Olive oil – the magic elixir. I could just imagine Nasr telling me about it:
Olive oil goes back to the beginning of this land and its people. It is believed to grant youth and strength. Olive branches are the symbol of peace and the reward for battle. Resistant to strong outside forces, bending with the never-ending winds, the trees symbolise this region. Nothing can destroy them.

Or something like that.

But instead, he was telling me about the hummus. ‘It is the most important food in the Middle East,’ he said, ‘and one of the oldest, but not everyone knows how to make it just right.’

‘But you do.’

‘Of course.’ There was the grin – I could get used to that grin. He gestured to me to eat. I took a bite. I felt my eyes widen and I knew I must have looked like some American tourist who was tasting something for the first time that hadn’t come from McDonald’s, but I didn’t care.

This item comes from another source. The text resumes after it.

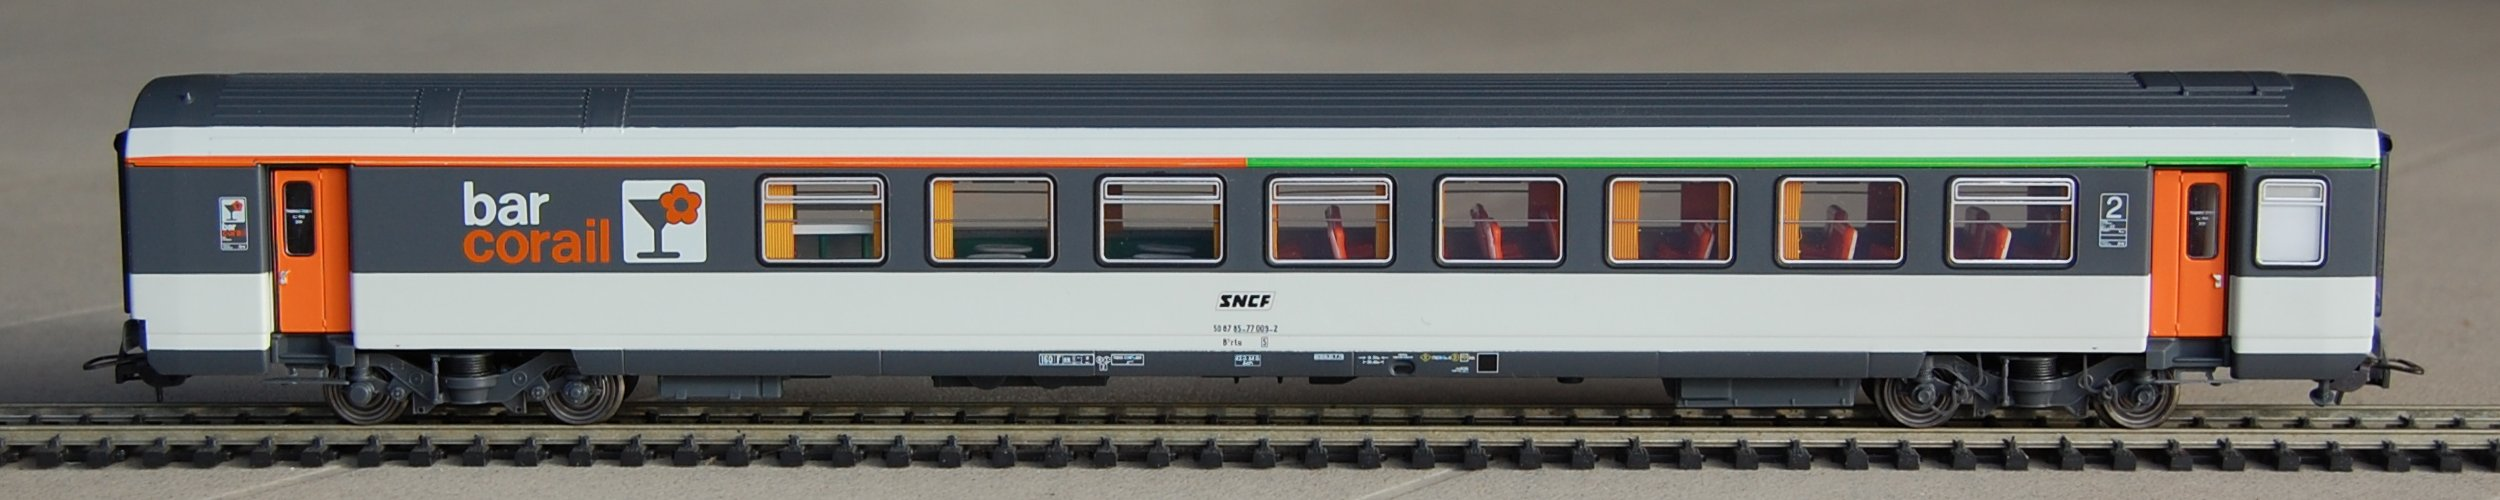 lsmodels LS Models製 コライユ客車 (HOスケール)

I had never thought of bread as a food that can melt in your mouth, but that’s exactly what this pita did. It was one of the
most delicious things I had ever tasted. The hummus was smooth and rich. I swallowed. Then I was punched by the after-kick. I gasped and my eyes began to water. I looked around frantically for the glass of water that had never arrived. I grabbed the
finjan
and poured myself a cup of what was left, which was pretty much nothing but sludge. I gulped it down anyway.